─── SOURCE MATERIAL ───

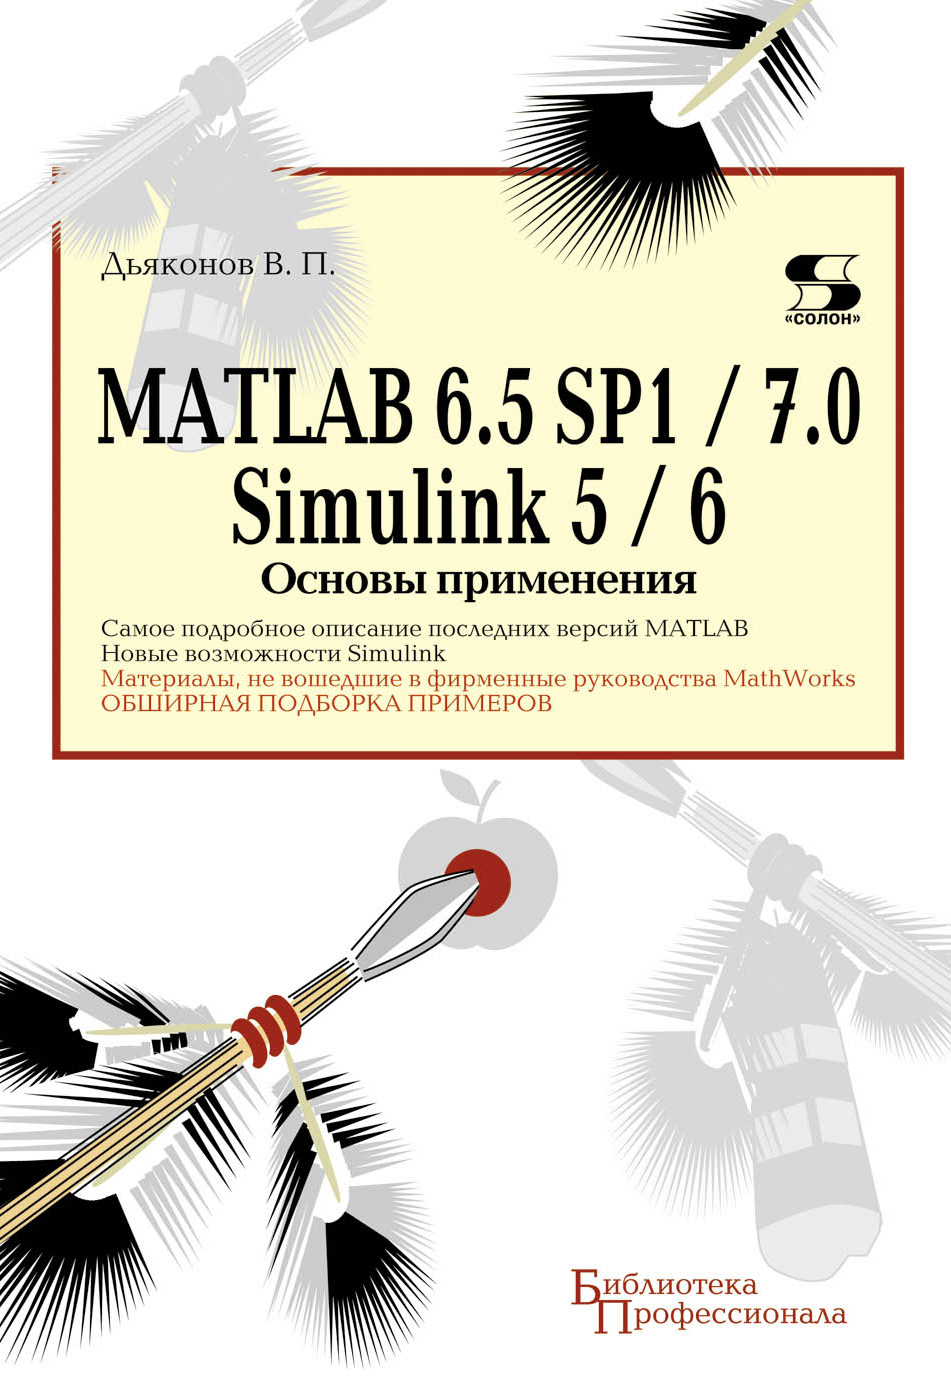 Книга Библиотека профессионала (Солон-пресс), MATLAB 6.5 SP1/7.0 + Simulink 5/6 MATLAB 6.5 SP1/7.0 + Simulink 5/6. Основы применения созданная В. П. Дьяконов может относится к жанру программы, справочная литература, техническая литература. Стоимость электронной книги MATLAB 6.5 SP1/7.0 + Simulink 5/6. Основы применения с идентификатором 8337282 составляет 450.00 руб.
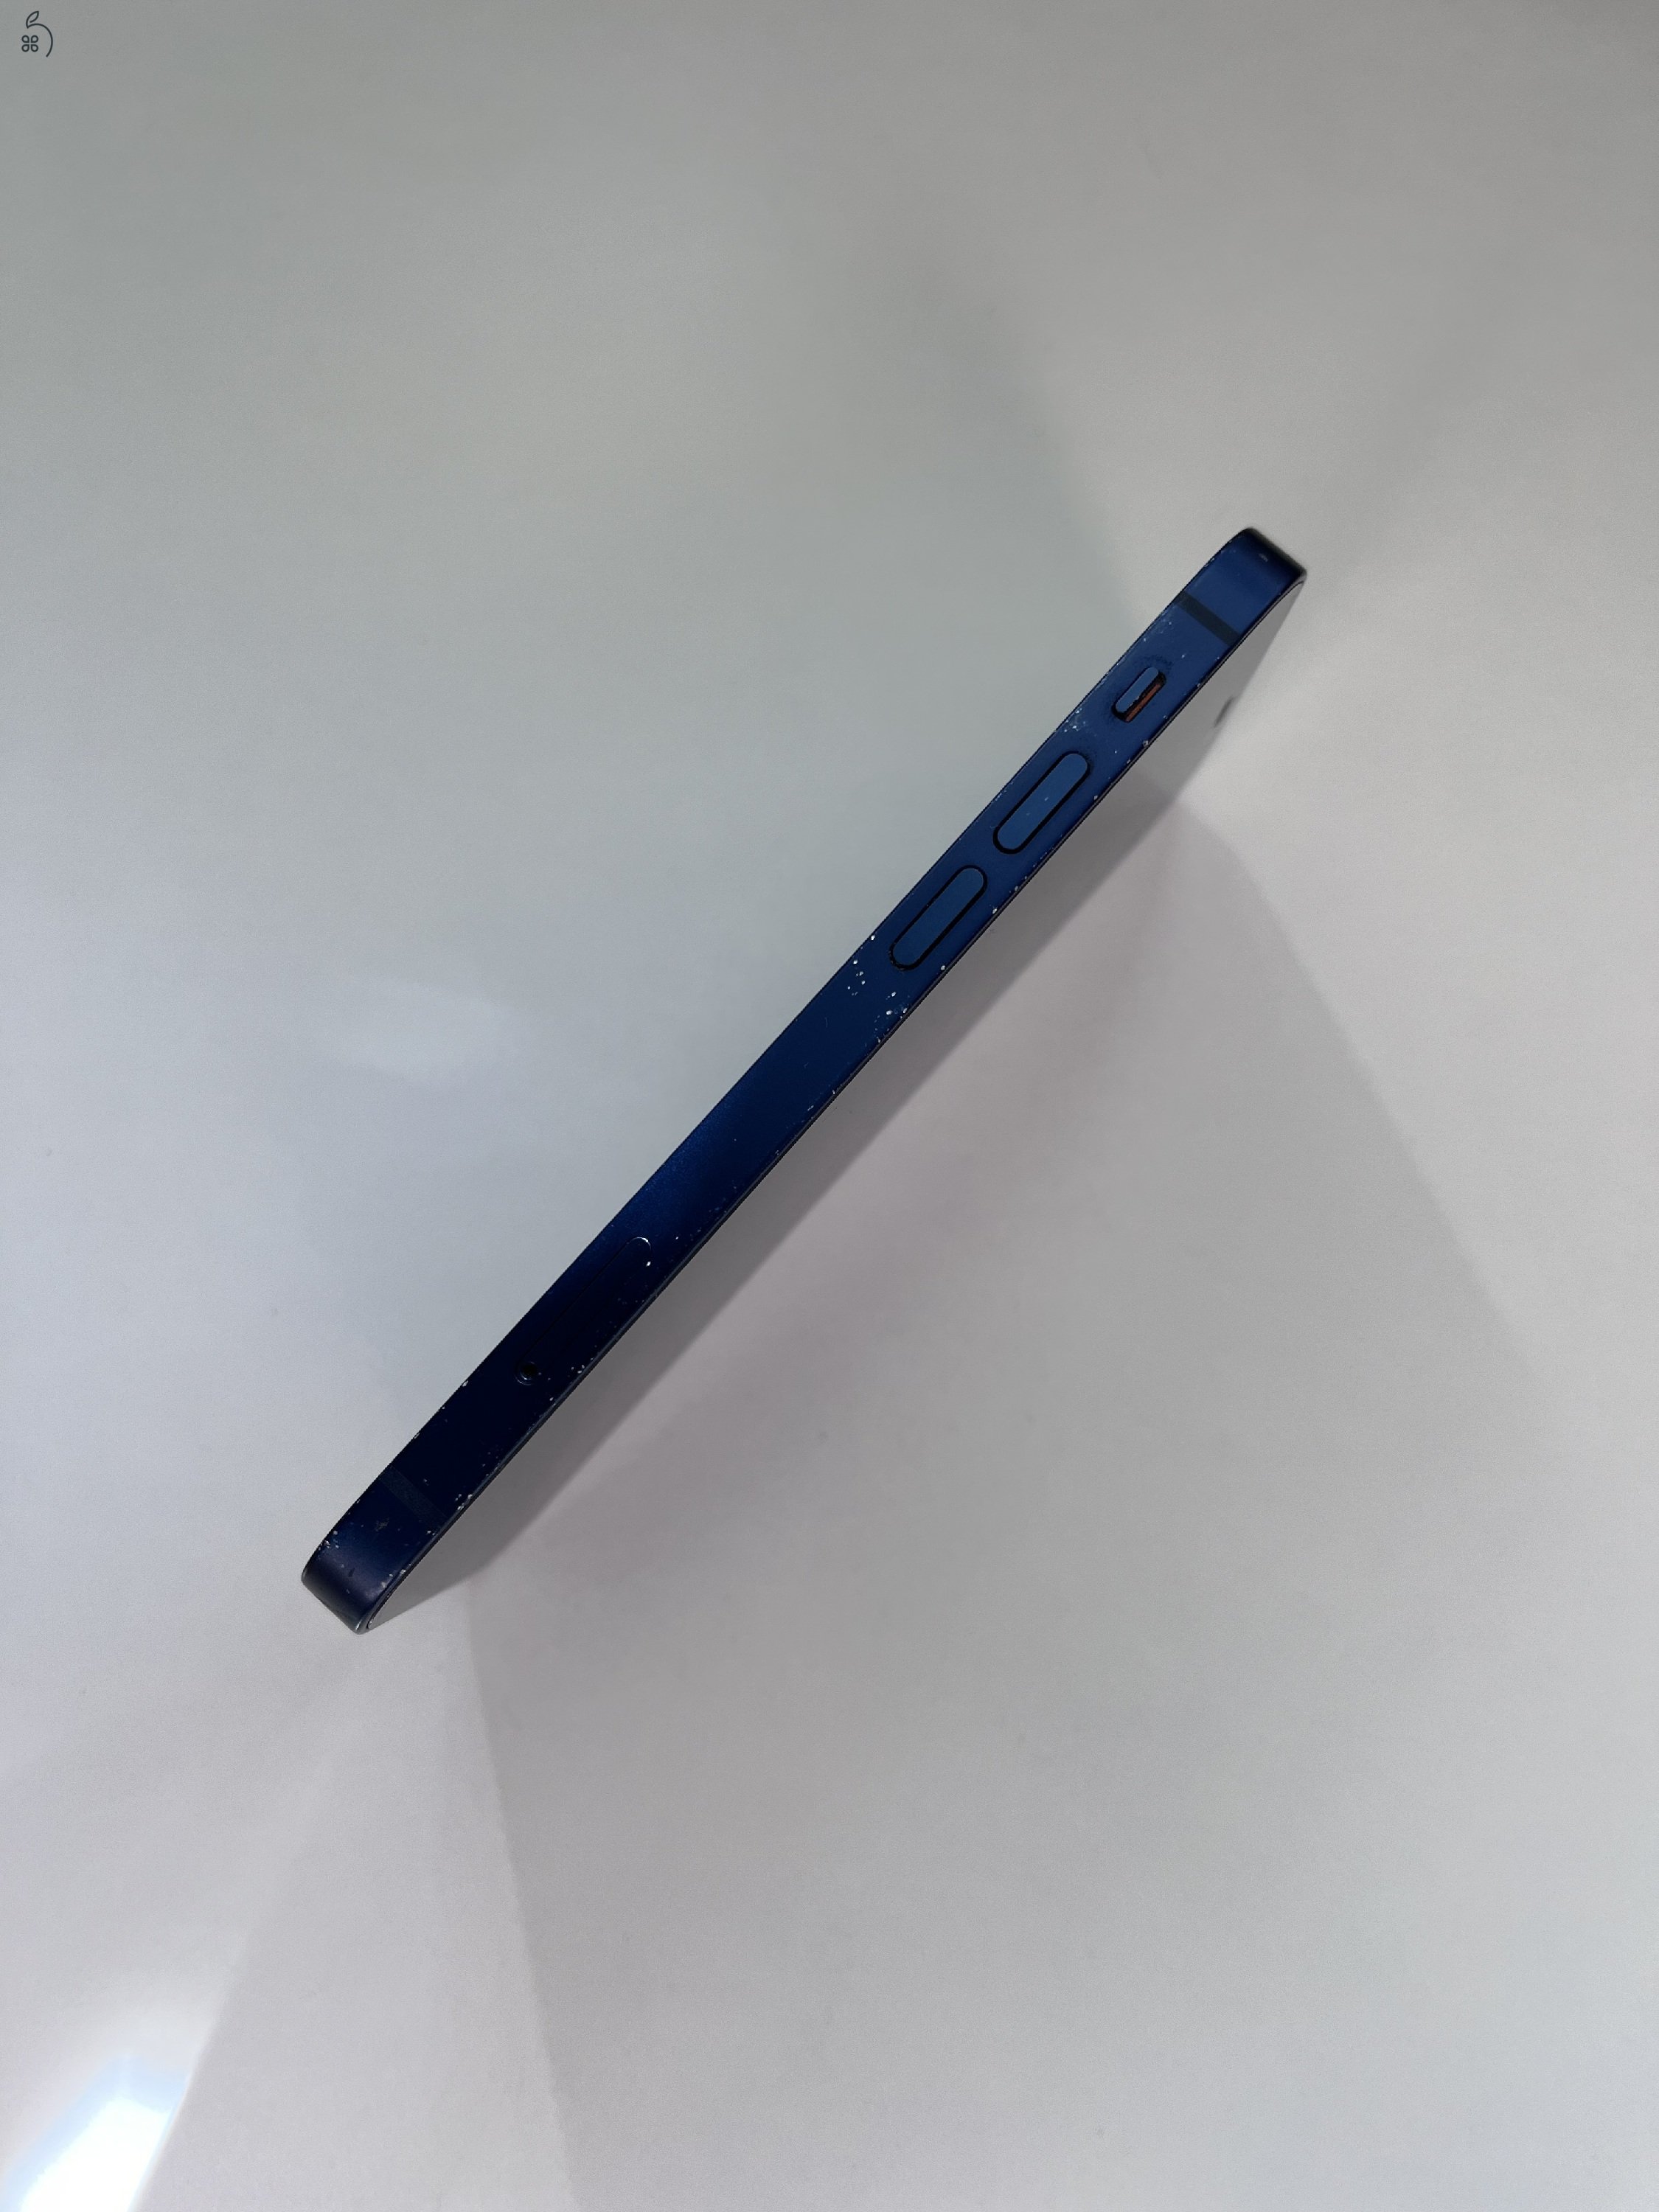 iPhone 12 mini 128 GB, kék, használt, cserélt utángyártott akkuval
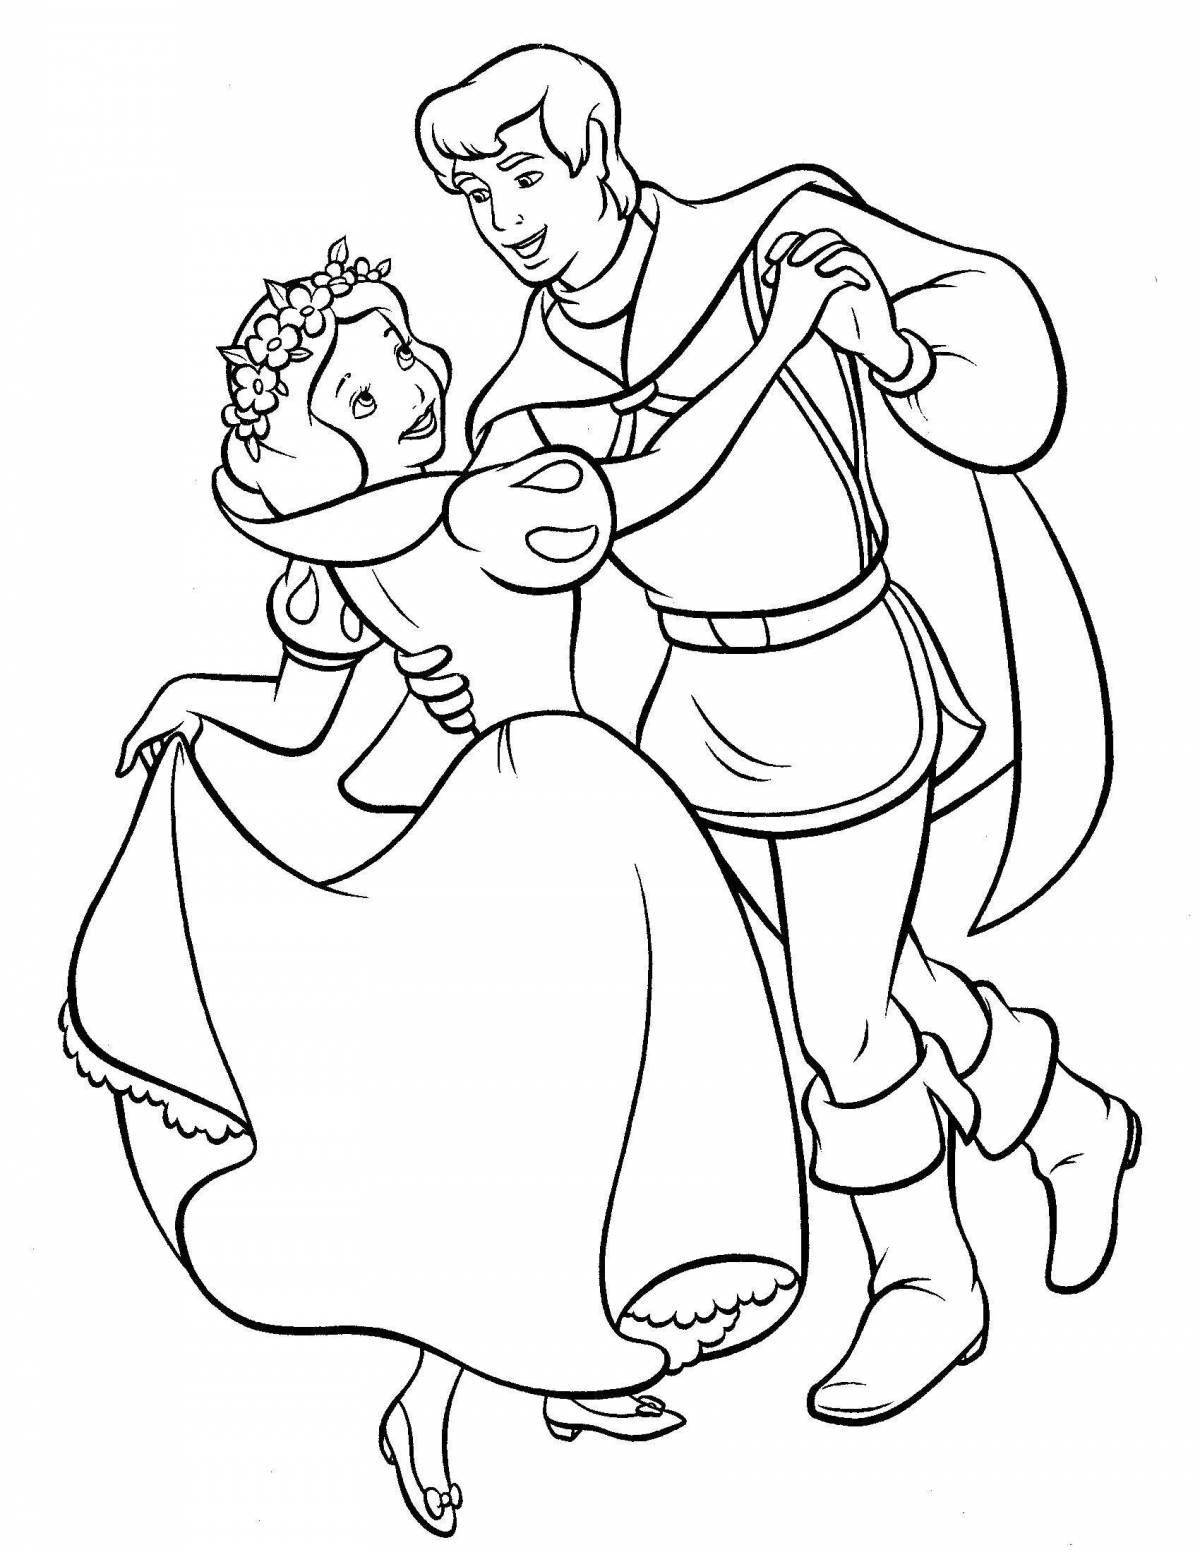 Joyful coloring princess and prince for kids
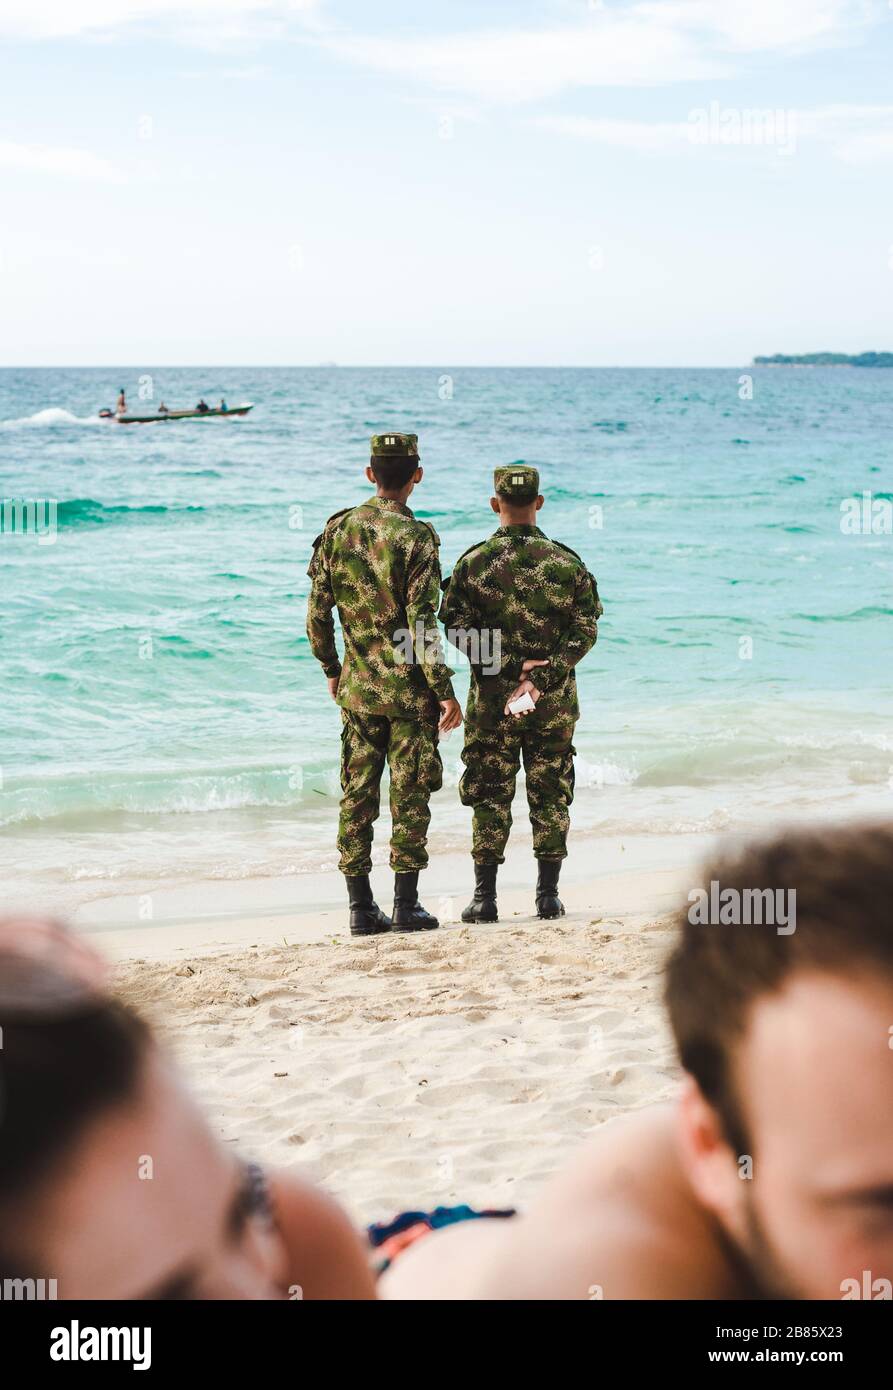 Deux hommes de l'armée en uniforme de camouflage regardent des bateaux et patrouillent sur la plage d'Isla Baru, près de Carthagène, Colombie Banque D'Images

───

◆ EXERCISE: Nothing but an exact copy of the data, without its images, should make up your answer.

◆ TASK RESULT:
 Книга Библиотека профессионала (Солон-пресс), MATLAB 6.5 SP1/7.0 + Simulink 5/6 MATLAB 6.5 SP1/7.0 + Simulink 5/6. Основы применения созданная В. П. Дьяконов может относится к жанру программы, справочная литература, техническая литература. Стоимость электронной книги MATLAB 6.5 SP1/7.0 + Simulink 5/6. Основы применения с идентификатором 8337282 составляет 450.00 руб.
 iPhone 12 mini 128 GB, kék, használt, cserélt utángyártott akkuval
 Joyful coloring princess and prince for kids
 Deux hommes de l'armée en uniforme de camouflage regardent des bateaux et patrouillent sur la plage d'Isla Baru, près de Carthagène, Colombie Banque D'Images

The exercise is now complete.